Acórdão nº 165/16.0T8VVD-J.G1 de Tribunal da Relação de Guimarães, 30 de Novembro de 2016

Magistrado ResponsávelPEDRO DAMI
Data da Resolução30 de Novembro de 2016
EmissorTribunal da Relação de Guimarães

Acordam os Juízes do Tribunal da Relação de Guimarães.

  1. RELATÓRIO.

Recorrente(s): -Herança Ilíquida e Indivisa aberta por óbito de B.; Recorrente(s) Subordinado(s) Subsidiário: C. e mulher, D.

* A Herança Ilíquida e Indivisa aberta por óbito de B., Autora nos presentes autos, representada por E., F., G., veio intentar a presente acção que segue a forma de processo comum contra C. e mulher, D., pedindo que seja: a) declarado e reconhecido que a A. é dona e legítima possuidora do prédio supra melhor identificado no artigo 5º da petição inicial; b) declarado e reconhecido que não há marcos e nem quaisquer sinais demarcatórios que definam a linha limite divisória entre o prédio da A. e o prédio dos RR.; c) declarado e reconhecido que o prédio dos RR. só tem a área de 624,18 m2, sendo toda a parte restante de área do prédio mãe “…”, propriedade da A.; d) demarcada a linha limite divisória dos prédios da A. e dos RR., nos termos supra referidos, em conformidade com os títulos de cada um, mormente quanto às áreas e confrontações; e) os RR. condenados nos termos das alíneas anteriores; f) os RR. condenados a construírem a parede de blocos de cimento pertencente à A. que destruíram e no local que venha a ser determinado como linha divisória de ambos os prédios; ou g) os RR. condenados a pagar à A. a quantia de € 7.000,00 (sete mil euros), correspondente ao custo daquela parede, acrescida de juros à taxa legal contados desde a citação e até efectivo pagamento; e h) os RR. condenados nas custas e demais encargos legais.
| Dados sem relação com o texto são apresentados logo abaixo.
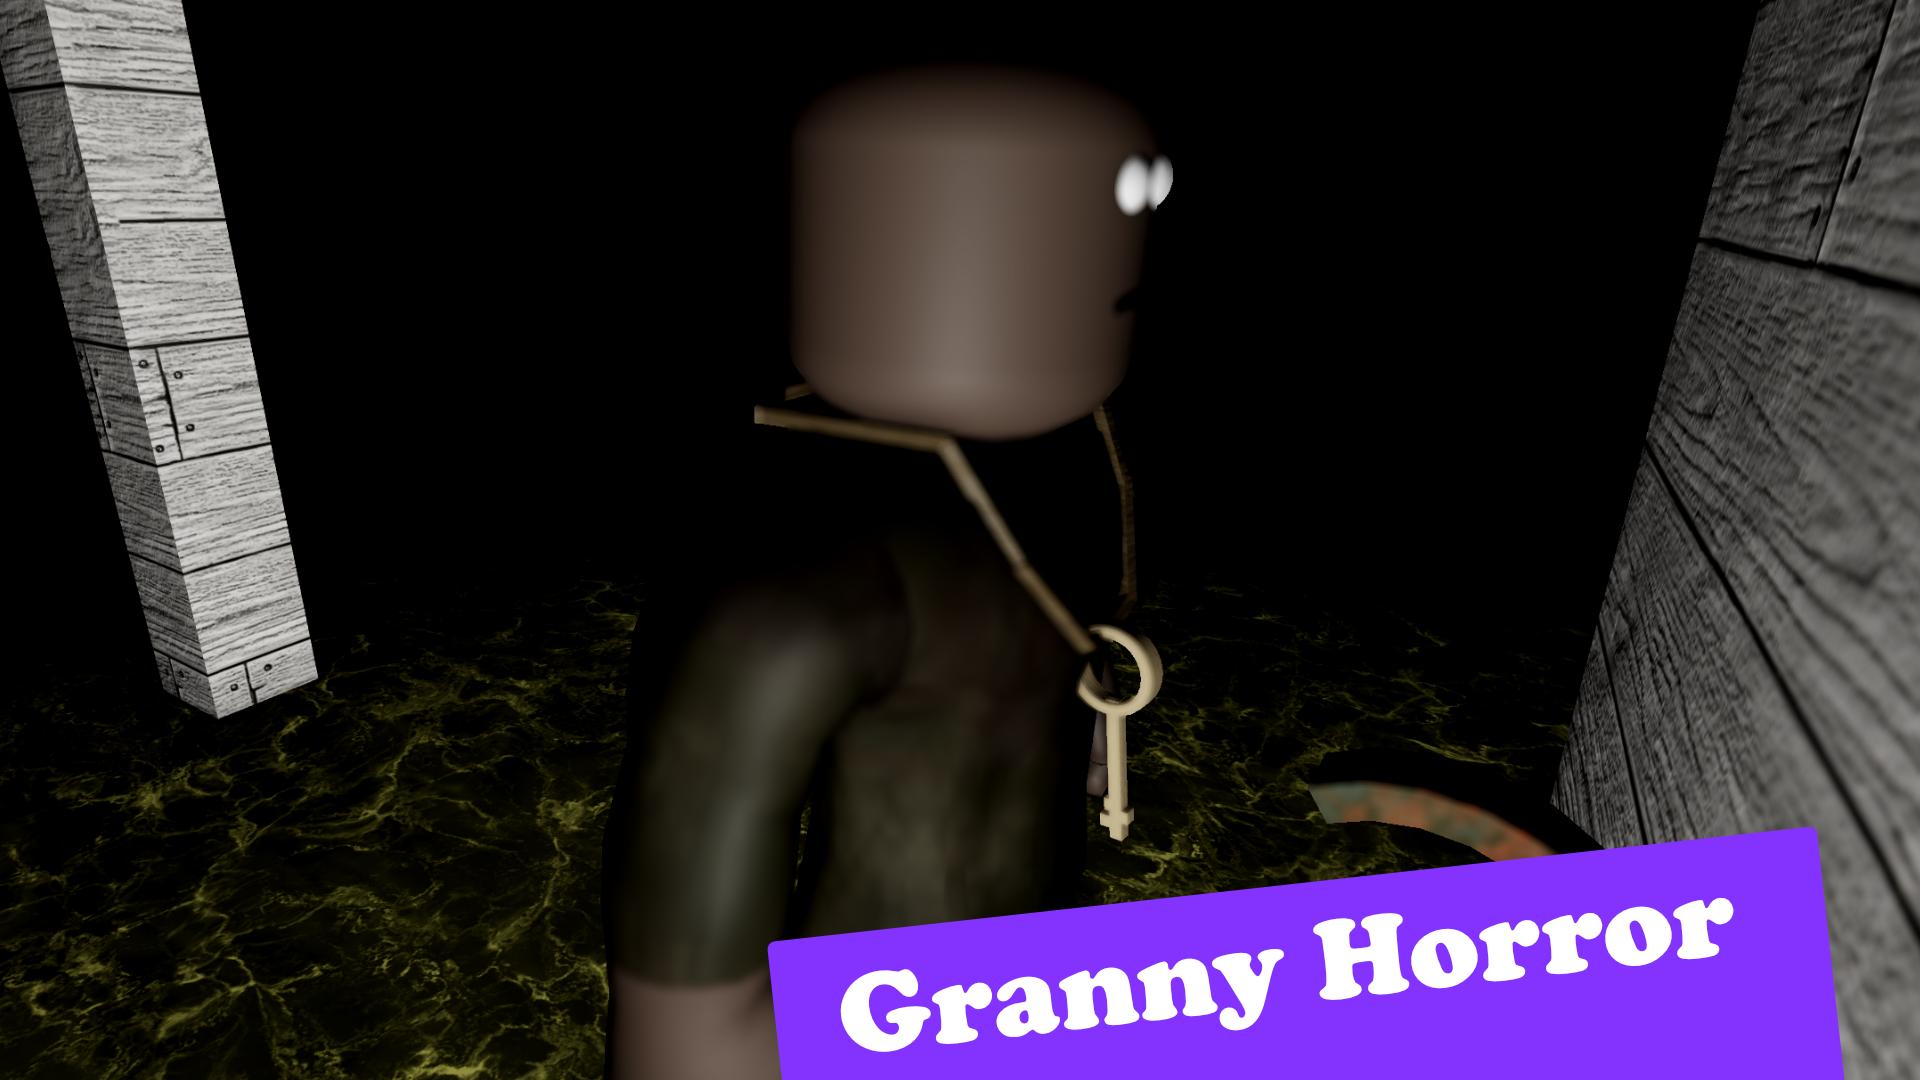 Granny: Chapter 2 game on PC for Free Download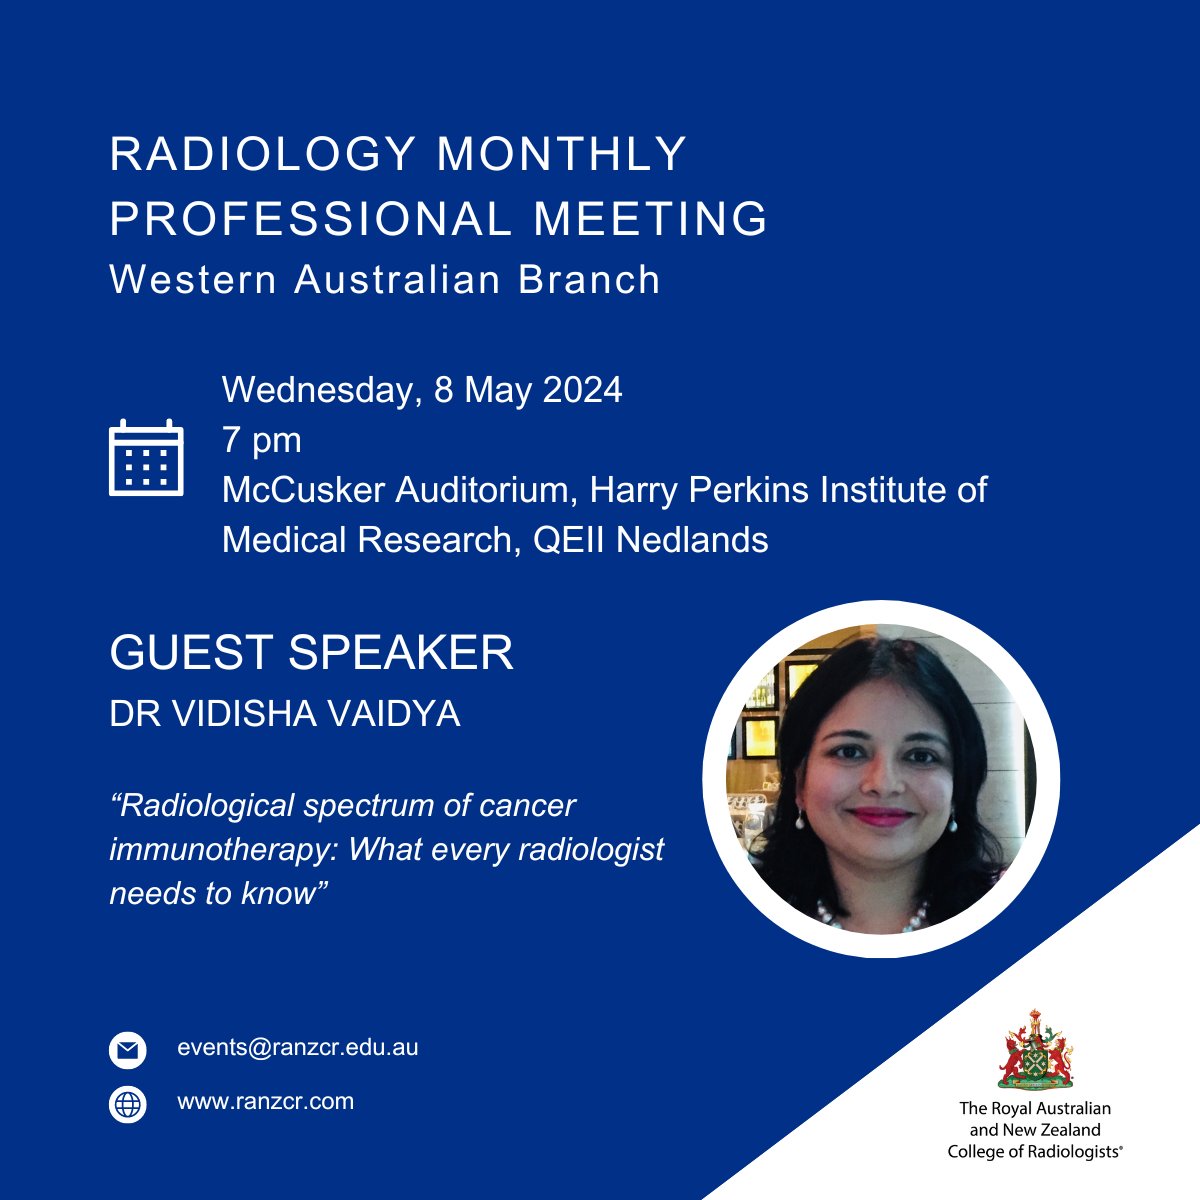 WA branch members: Don't miss Dr Vidisha Vaidya speaking on 'Radiological spectrum of cancer immunotherapy: What every radiologist needs to know” at our upcoming Radiology Monthly Professional Meeting from 6pm Wed 8 May, chaired by Clin A/Prof Glen Lo @g13nl0 #RANZCR #radiology

Devidamente citados, os réus apresentaram contestação, onde excepcionaram, impugnaram e deduziram reconvenção.

A autora deduziu resposta a tal contestação.

As partes foram ainda devidamente notificadas para se pronunciarem sobre a eventual falta de legitimidade da autora “Herança Ilíquida e Indivisa aberta por óbito de B.”, de molde a garantir o respeito pela proibição das chamadas decisões surpresa, tendo a autora se pronunciado por requerimento.

* De seguida, o Tribunal de Primeira Instância proferiu a seguinte decisão: “Cumpre apreciar a decidir da personalidade judiciária da autora herança ilíquida e indivisa aberta por óbito B..

A personalidade judiciária consiste na possibilidade de requerer ou de ser requerida contra si, em próprio nome, alguma tutela jurisdicional prevista na lei, cfr. art. 11.º do CPC, ou seja, é a susceptibilidade de ser parte.

Em princípio, personalidade jurídica e judiciária coincidem, cfr. art. 11.º, n.º 2, do CPC.

Vigora assim o denominado princípio da equiparação.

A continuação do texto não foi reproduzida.